- [EXERCISE]: Write out the data exactly, please, and omit the pictures.

- [EXERCISE DATA]:

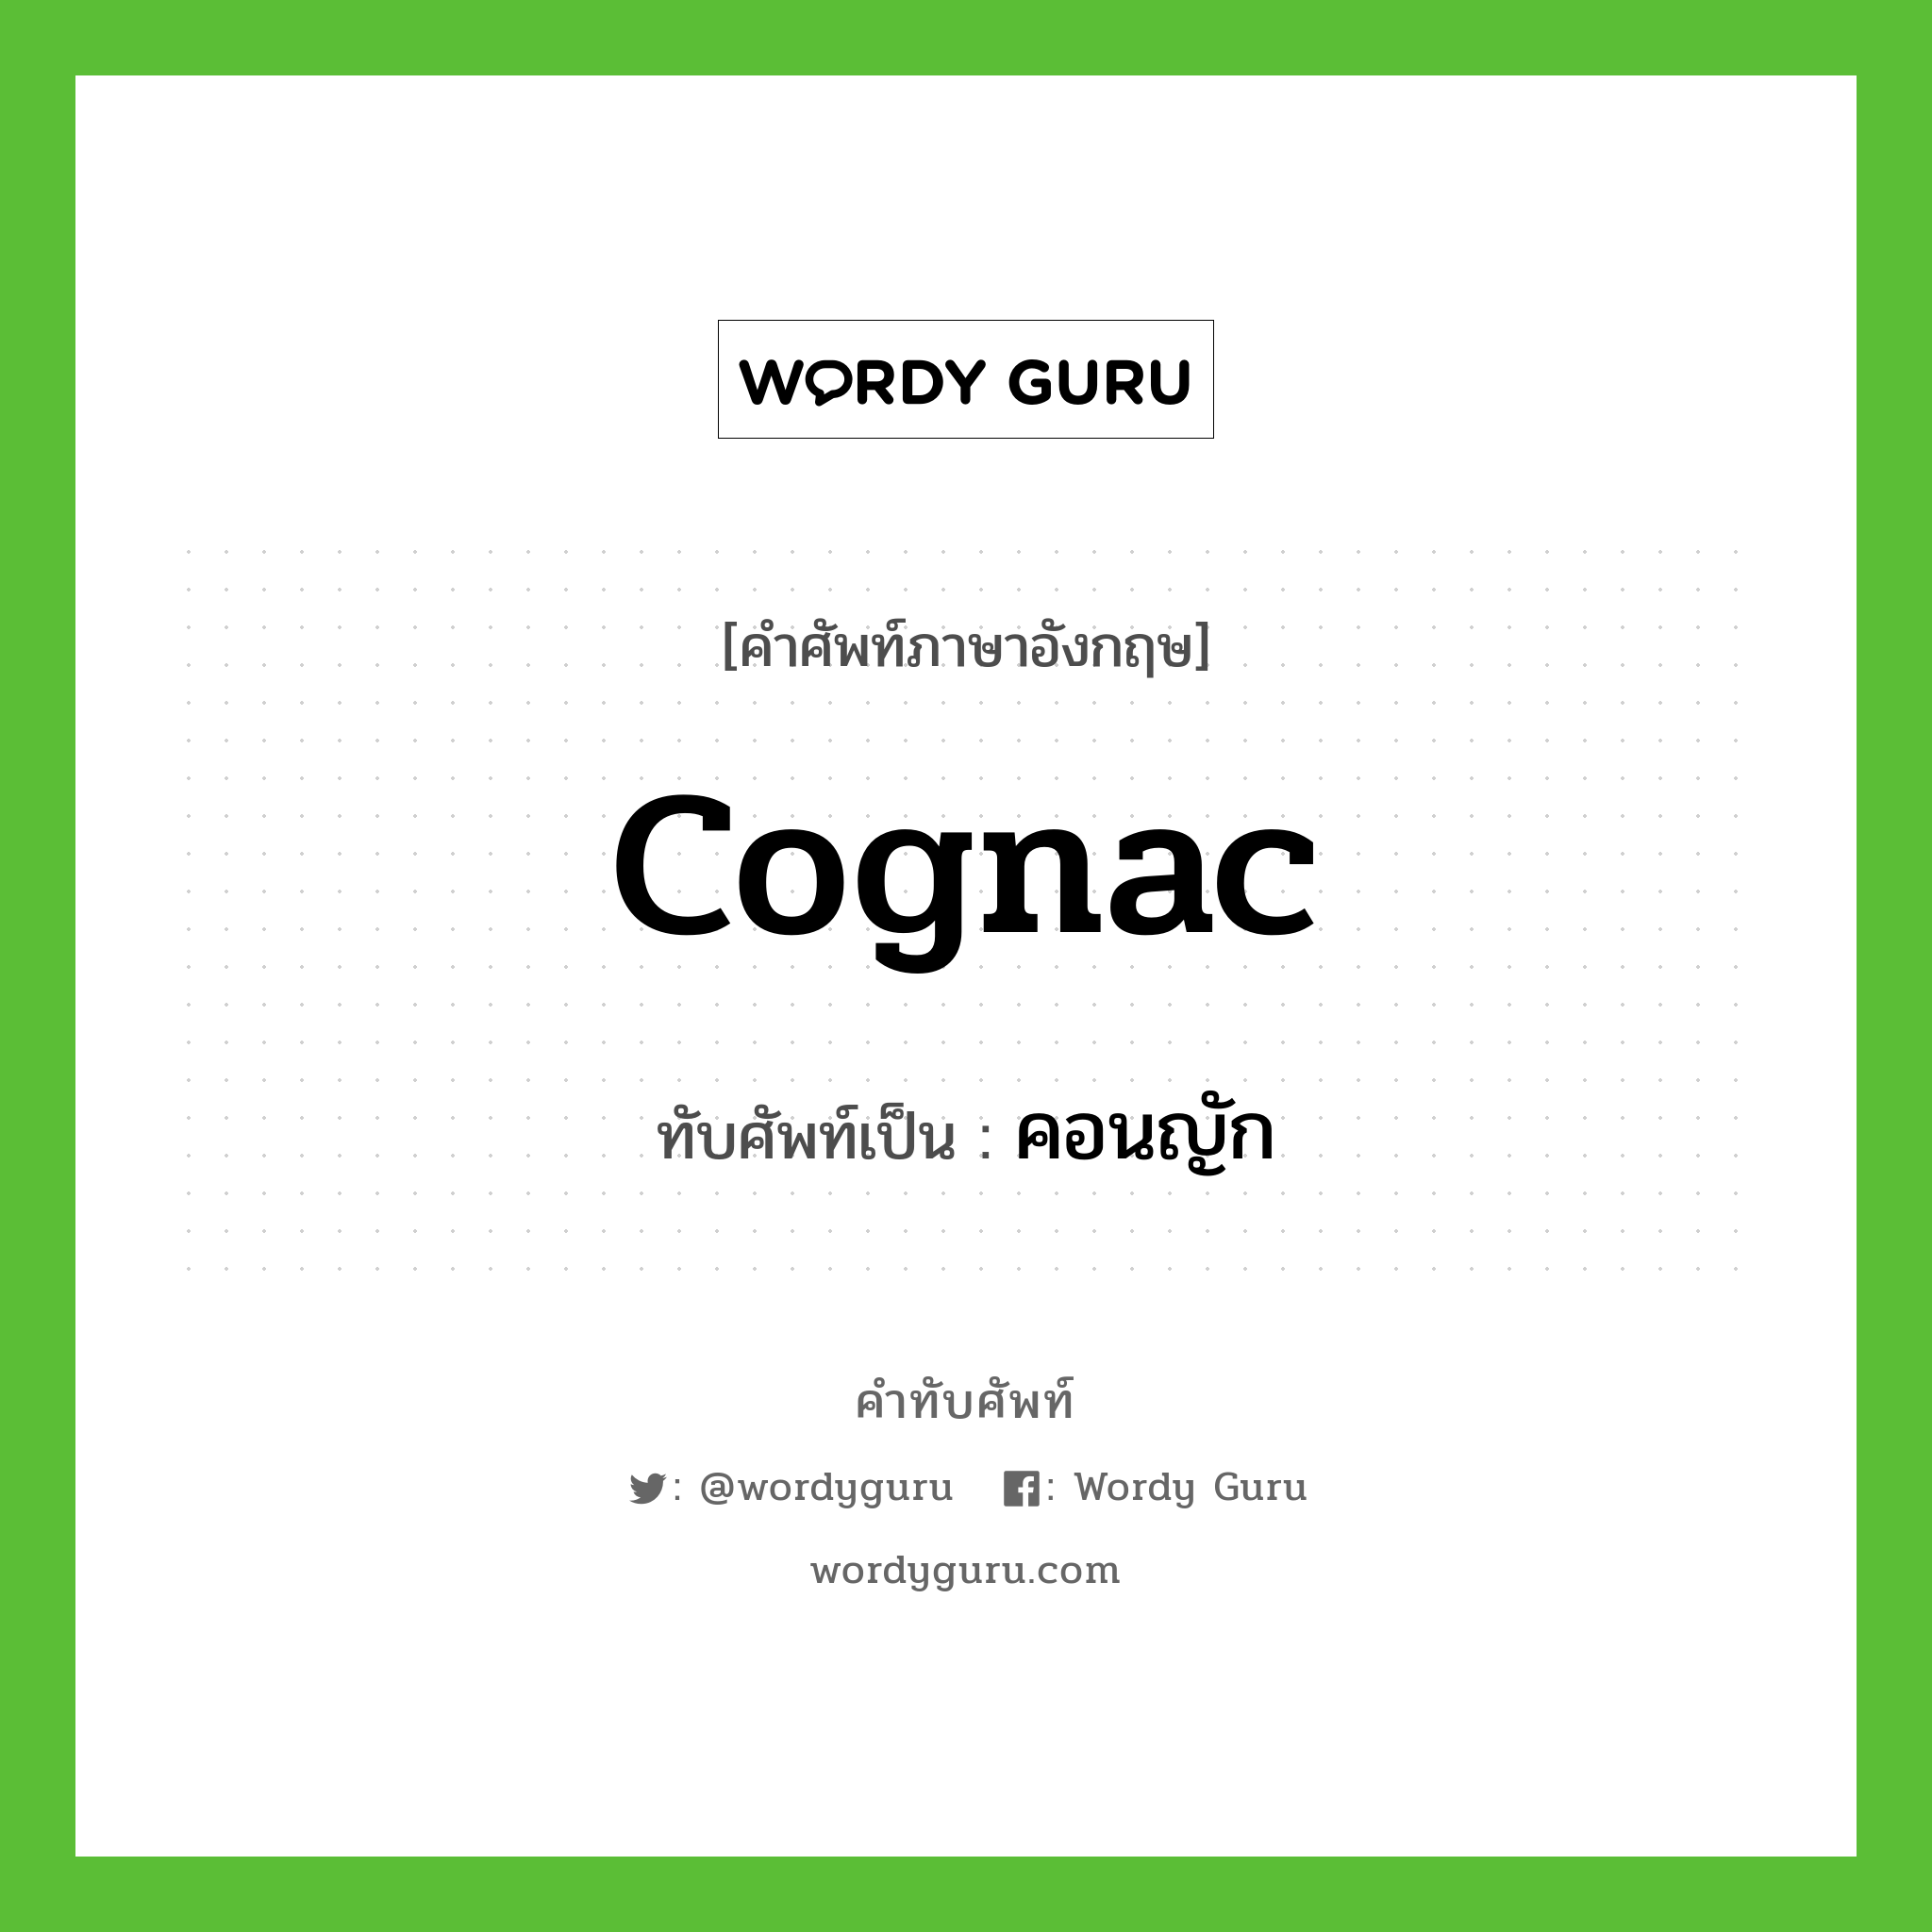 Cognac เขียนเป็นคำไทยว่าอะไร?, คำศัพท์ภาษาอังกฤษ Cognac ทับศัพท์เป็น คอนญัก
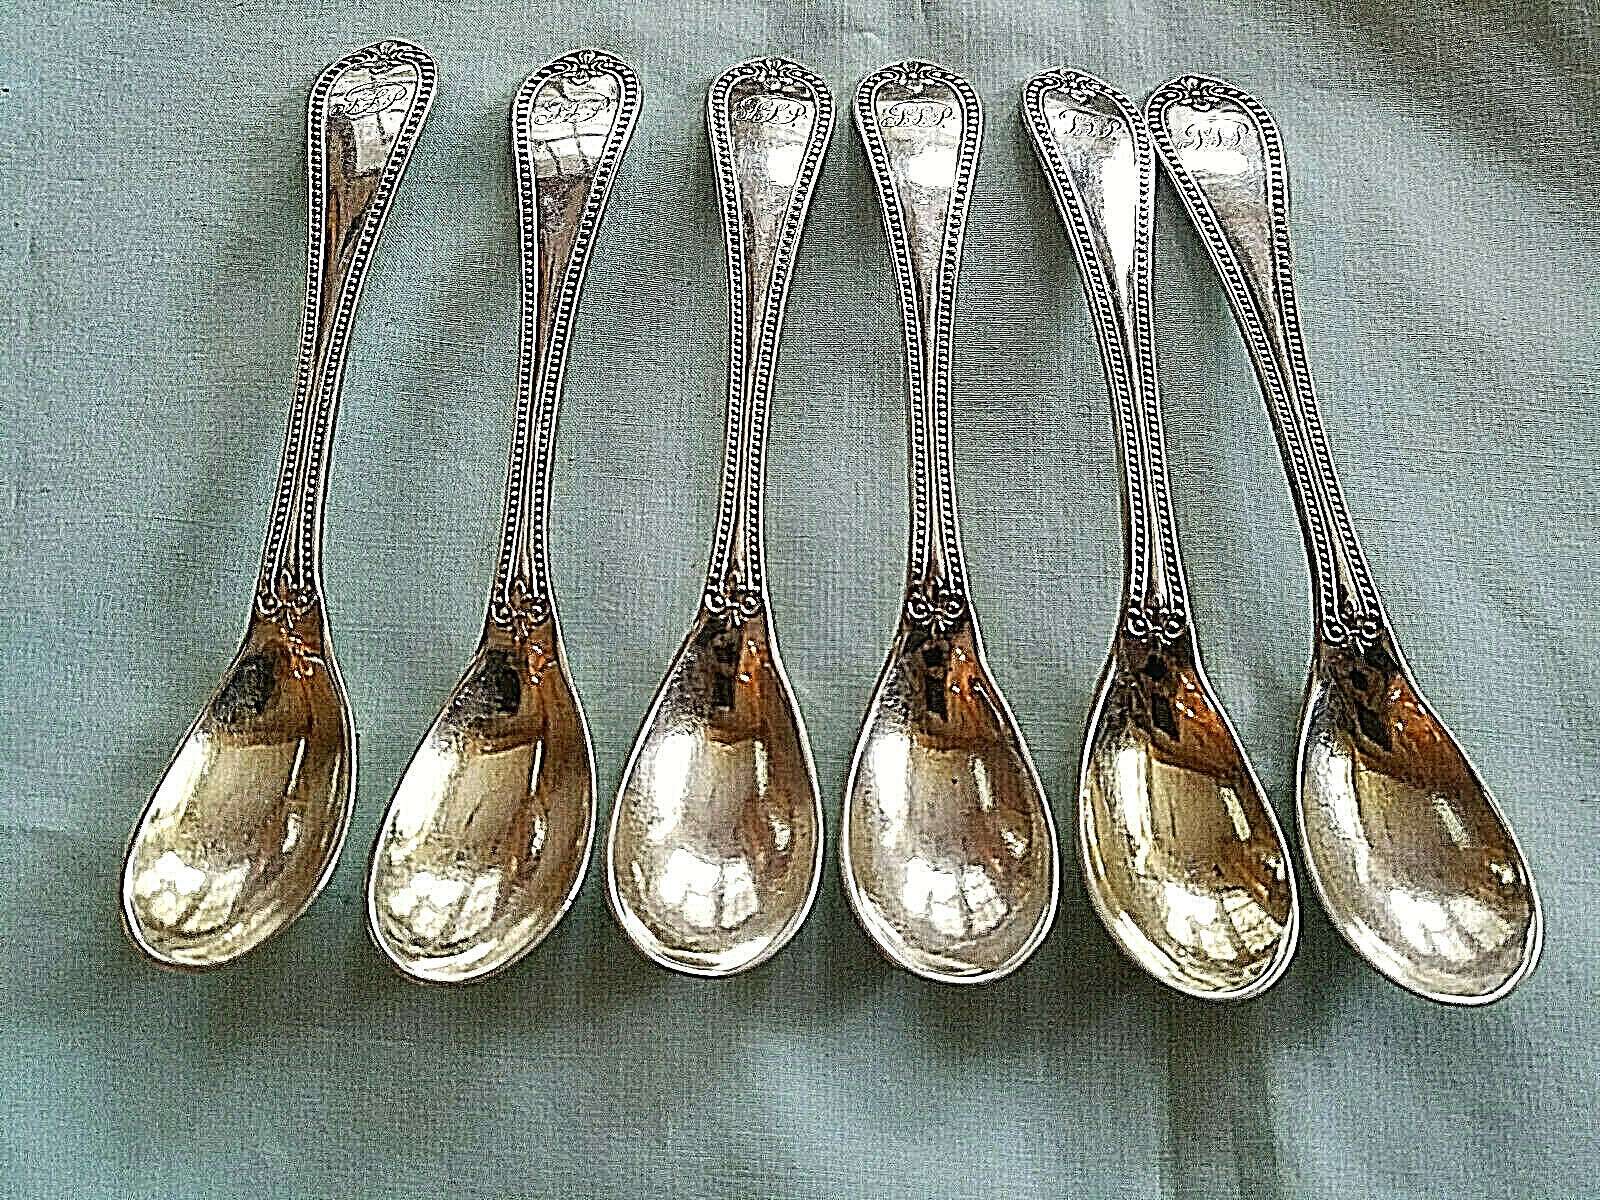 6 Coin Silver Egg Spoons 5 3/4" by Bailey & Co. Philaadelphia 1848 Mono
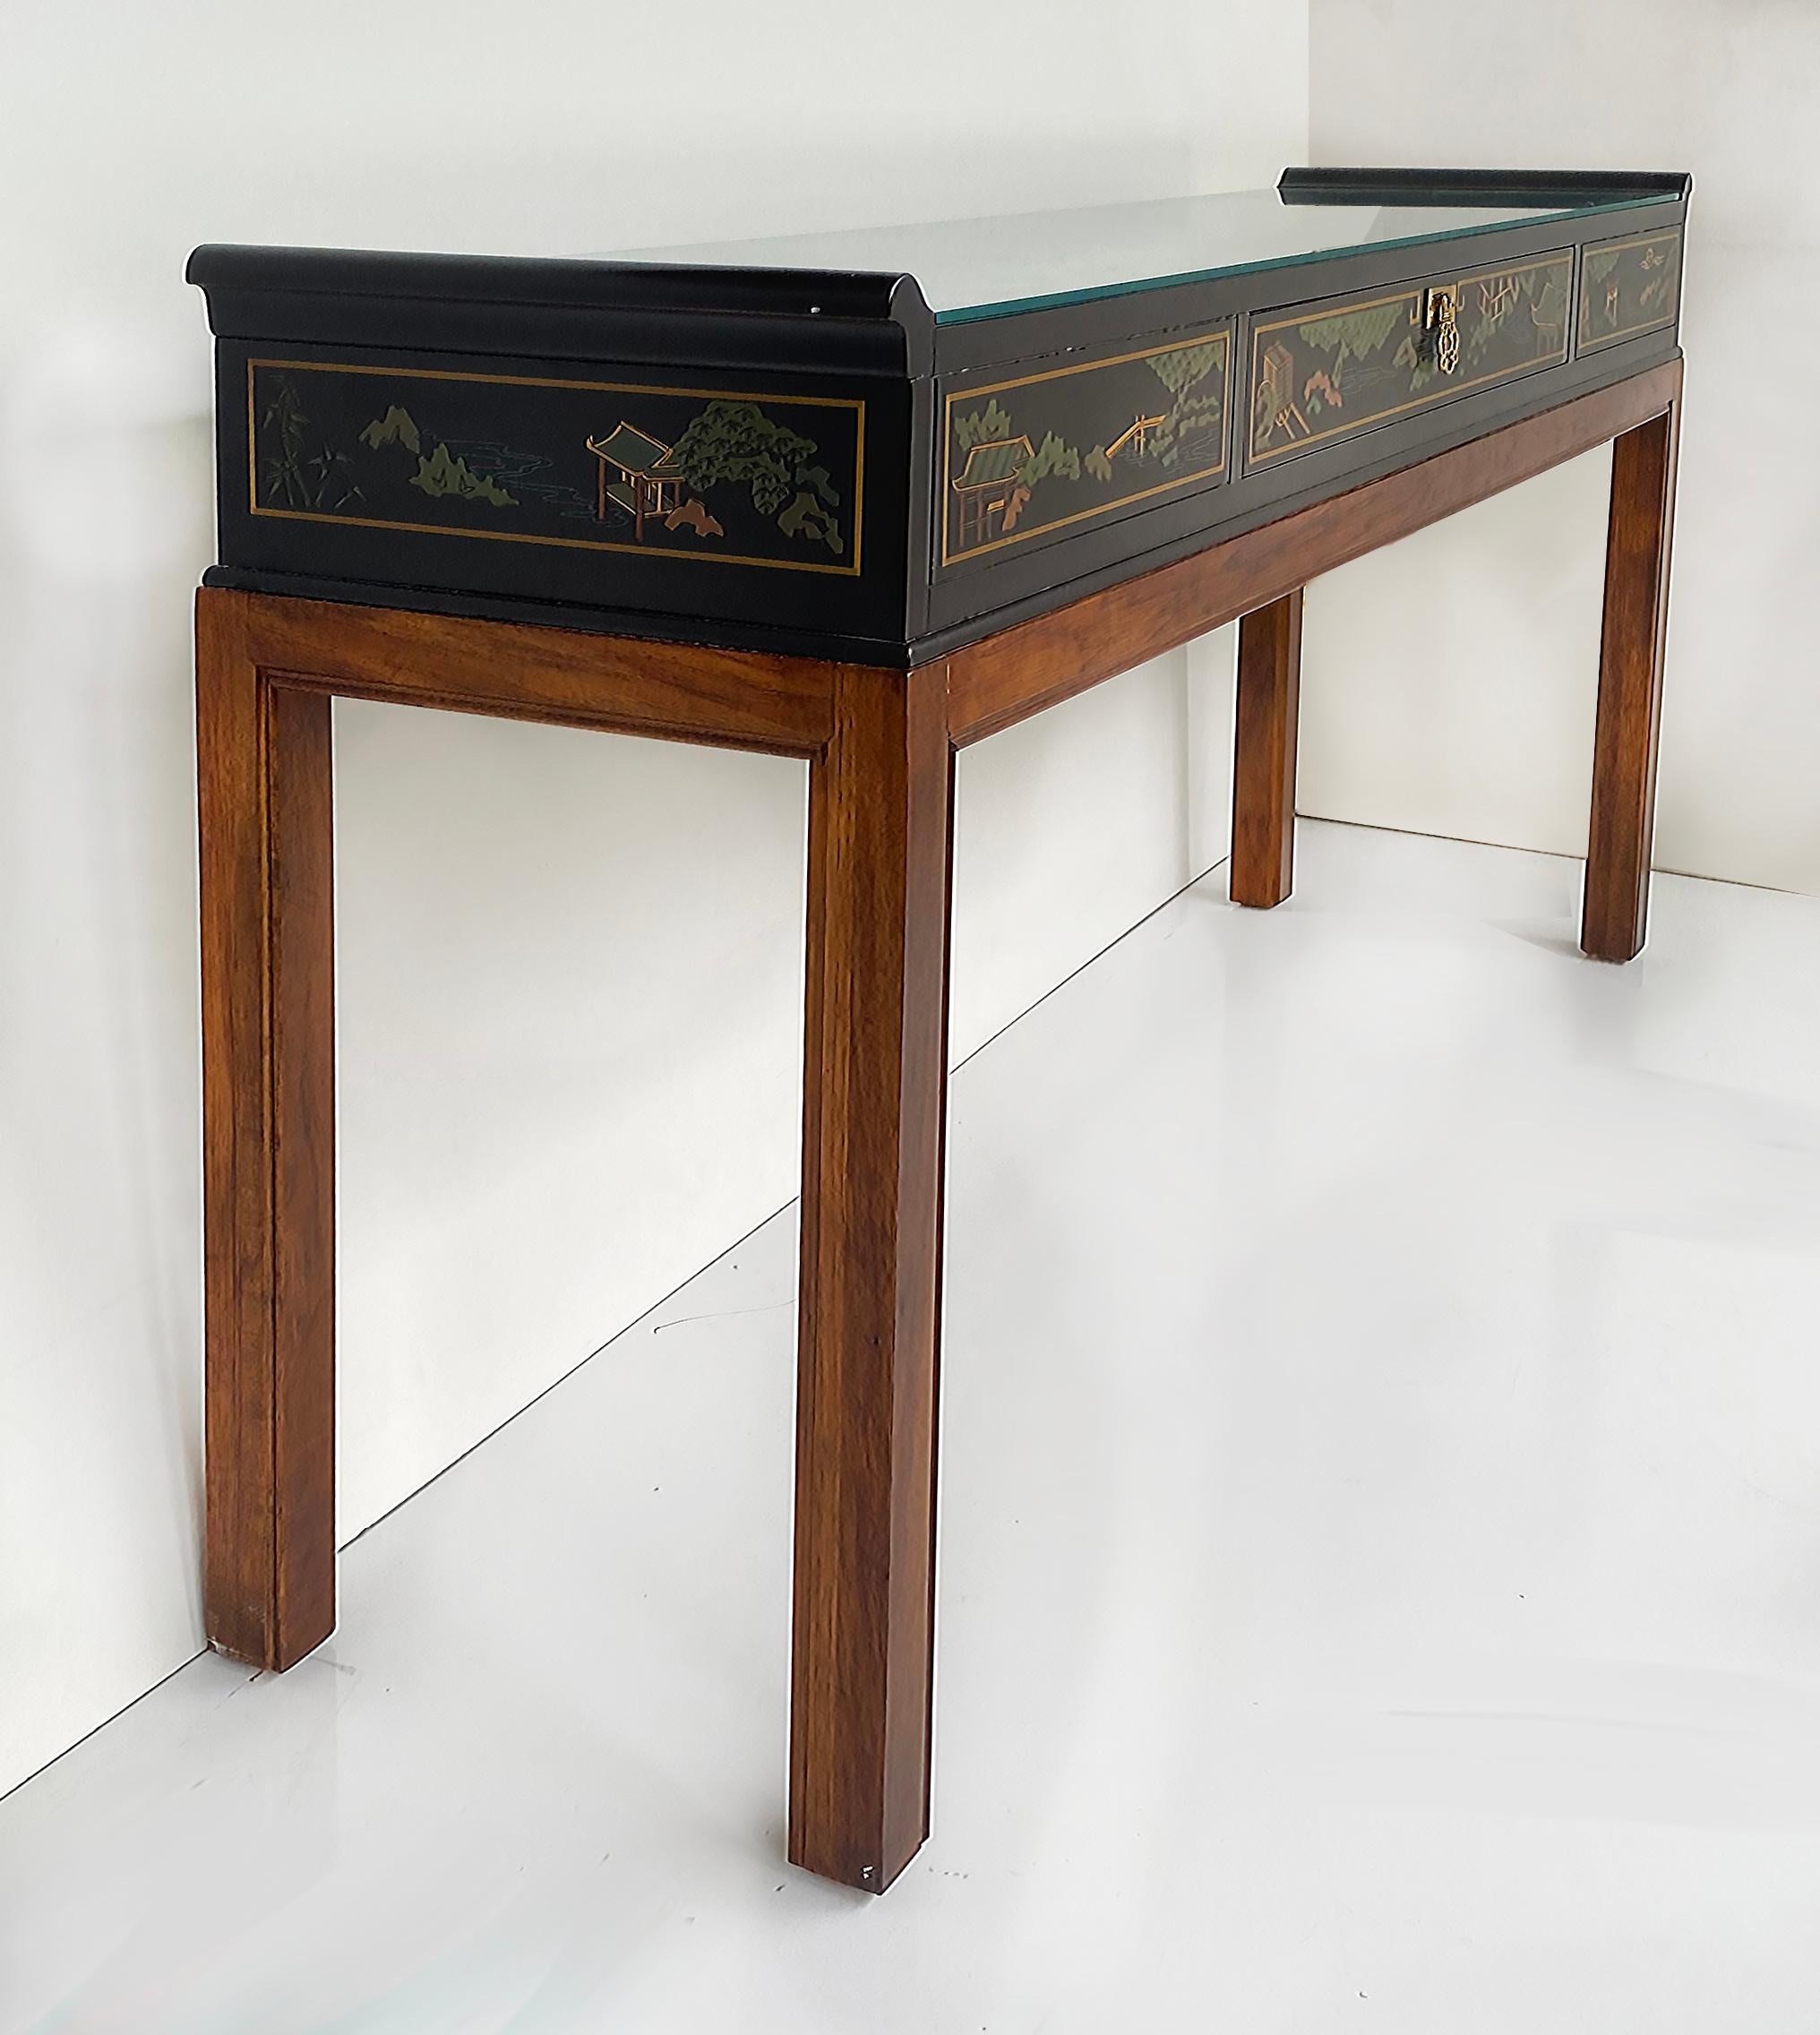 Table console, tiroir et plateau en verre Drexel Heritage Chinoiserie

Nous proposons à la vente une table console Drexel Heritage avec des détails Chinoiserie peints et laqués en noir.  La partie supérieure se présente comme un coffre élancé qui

- [WRITTEN ANSWER]:
 Cognac เขียนเป็นคำไทยว่าอะไร?, คำศัพท์ภาษาอังกฤษ Cognac ทับศัพท์เป็น คอนญัก
 6 Coin Silver Egg Spoons 5 3/4" by Bailey & Co. Philaadelphia 1848 Mono
 Table console, tiroir et plateau en verre Drexel Heritage Chinoiserie

Nous proposons à la vente une table console Drexel Heritage avec des détails Chinoiserie peints et laqués en noir.  La partie supérieure se présente comme un coffre élancé qui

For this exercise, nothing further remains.